🤖 AI Summary
Existing benchmarks inadequately assess large language models’ (LLMs) domain-specific knowledge and higher-order reasoning capabilities in complex academic tasks. To address this, we introduce AcadBench—the first bilingual (English–Korean) academic benchmark—covering eight disciplines and five categories of intricate problems requiring abstract comprehension and multi-step reasoning. Samples are rigorously generated based on disciplinary methodologies and discourse structures. Our evaluation framework uniquely integrates domain depth, logical complexity, and bilingual alignment, enabling the first systematic assessment of LLMs’ cross-disciplinary abstraction and multi-step reasoning within a unified benchmark. We employ domain-customized prompting, bilingual parallel construction, and multidimensional capability decomposition for annotation. AcadBench comprises 10,340 high-quality instances (5,309 English + 5,031 Korean). State-of-the-art model o3-mini achieves only a mean score of 0.543, confirming the benchmark’s high difficulty and strong discriminative power.
📝 Abstract
Prior benchmarks for evaluating the domain-specific knowledge of large language models (LLMs) lack the scalability to handle complex academic tasks.
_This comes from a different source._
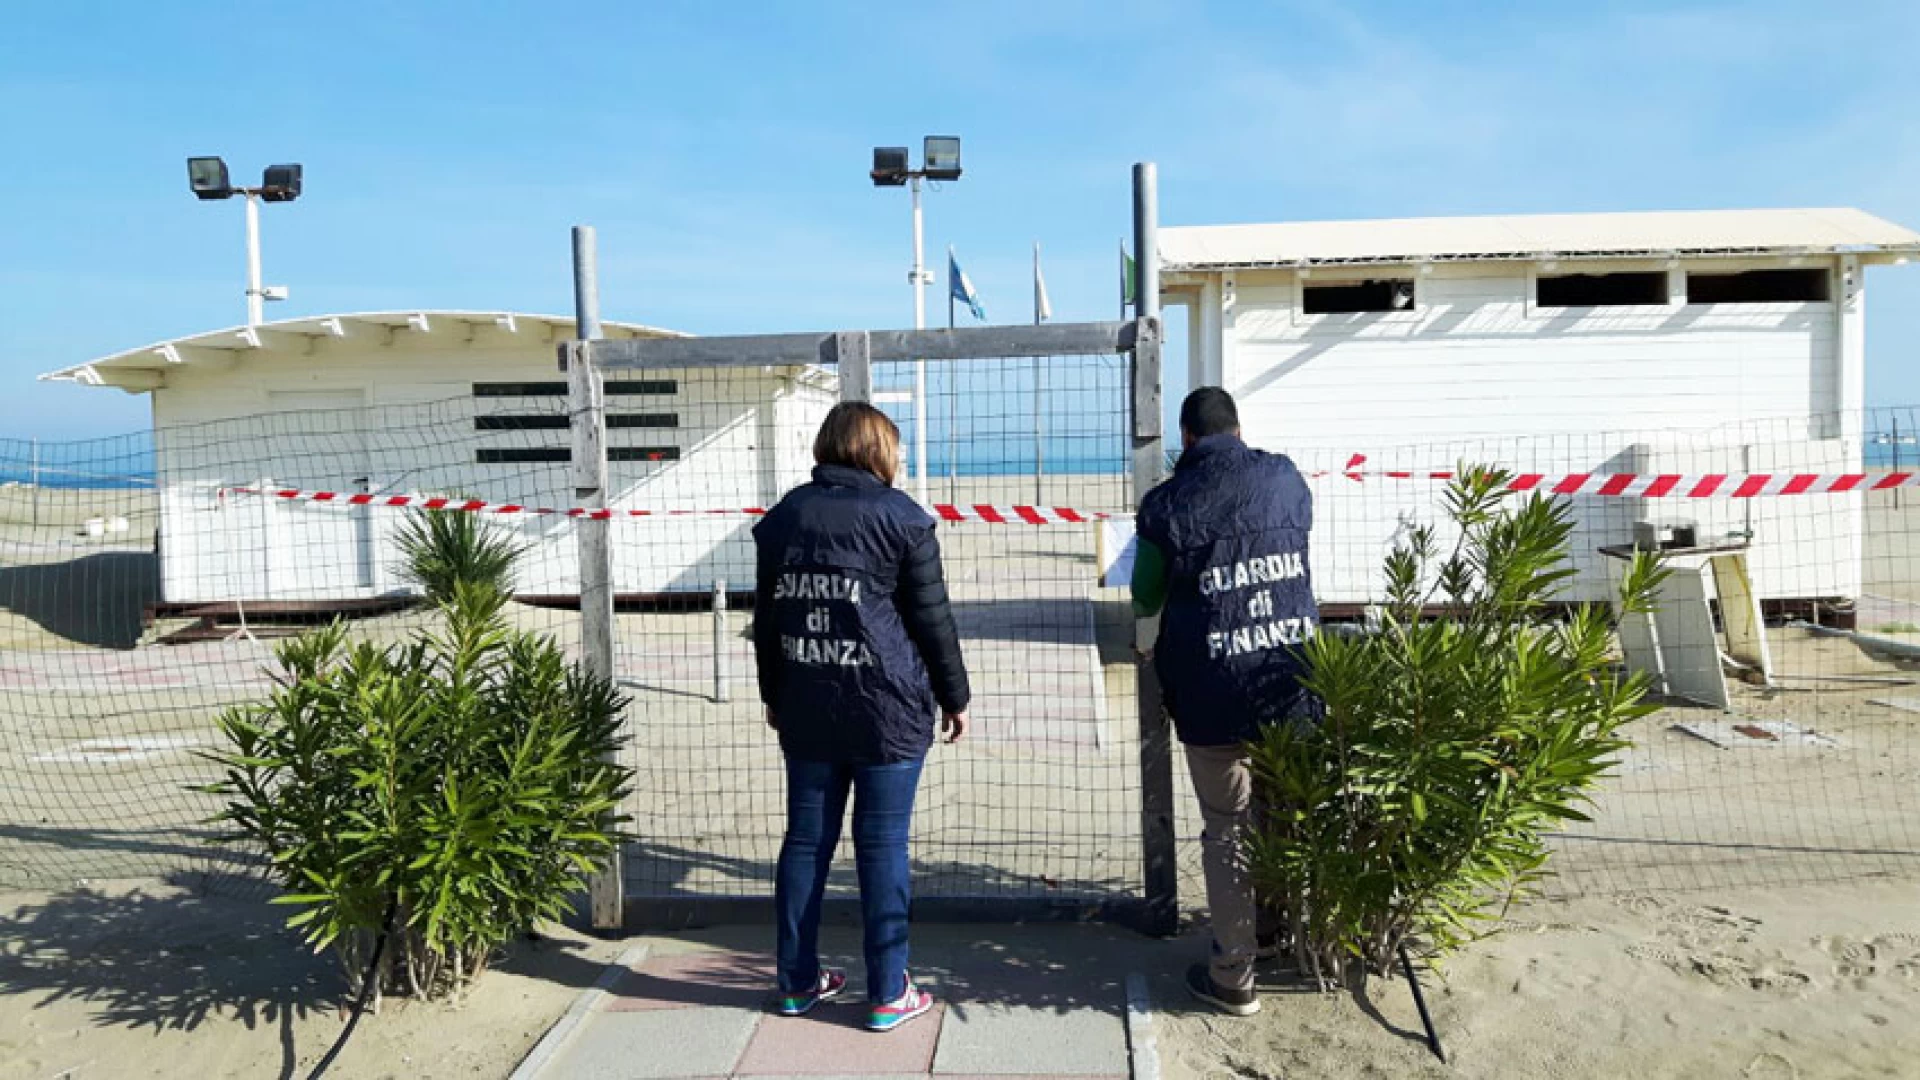 Termoli: la Guardia di Finanza arresta cittadino italiano con un chilo di droga e 400mila euro in contanti.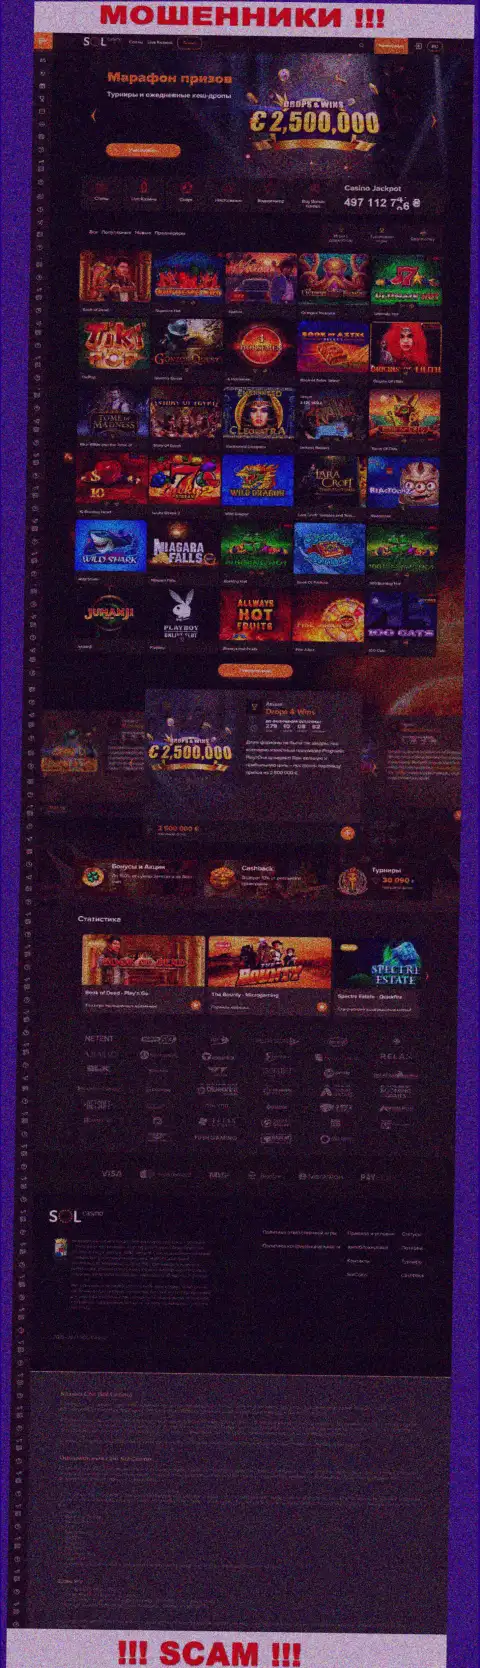 Основная страница официального веб-ресурса мошенников Sol Casino

To address this, we introduce exttt{ScholarBench}, a benchmark centered on deep expert knowledge and complex academic problem-solving, which evaluates the academic reasoning ability of LLMs and is constructed through a three-step process. exttt{ScholarBench} targets more specialized and logically complex contexts derived from academic literature, encompassing five distinct problem types. Unlike prior benchmarks, exttt{ScholarBench} evaluates the abstraction, comprehension, and reasoning capabilities of LLMs across eight distinct research domains. To ensure high-quality evaluation data, we define category-specific example attributes and design questions that are aligned with the characteristic research methodologies and discourse structures of each domain. Additionally, this benchmark operates as an English-Korean bilingual dataset, facilitating simultaneous evaluation for linguistic capabilities of LLMs in both languages. The benchmark comprises 5,031 examples in Korean and 5,309 in English, with even state-of-the-art models like o3-mini achieving an average evaluation score of only 0.543, demonstrating the challenging nature of this benchmark.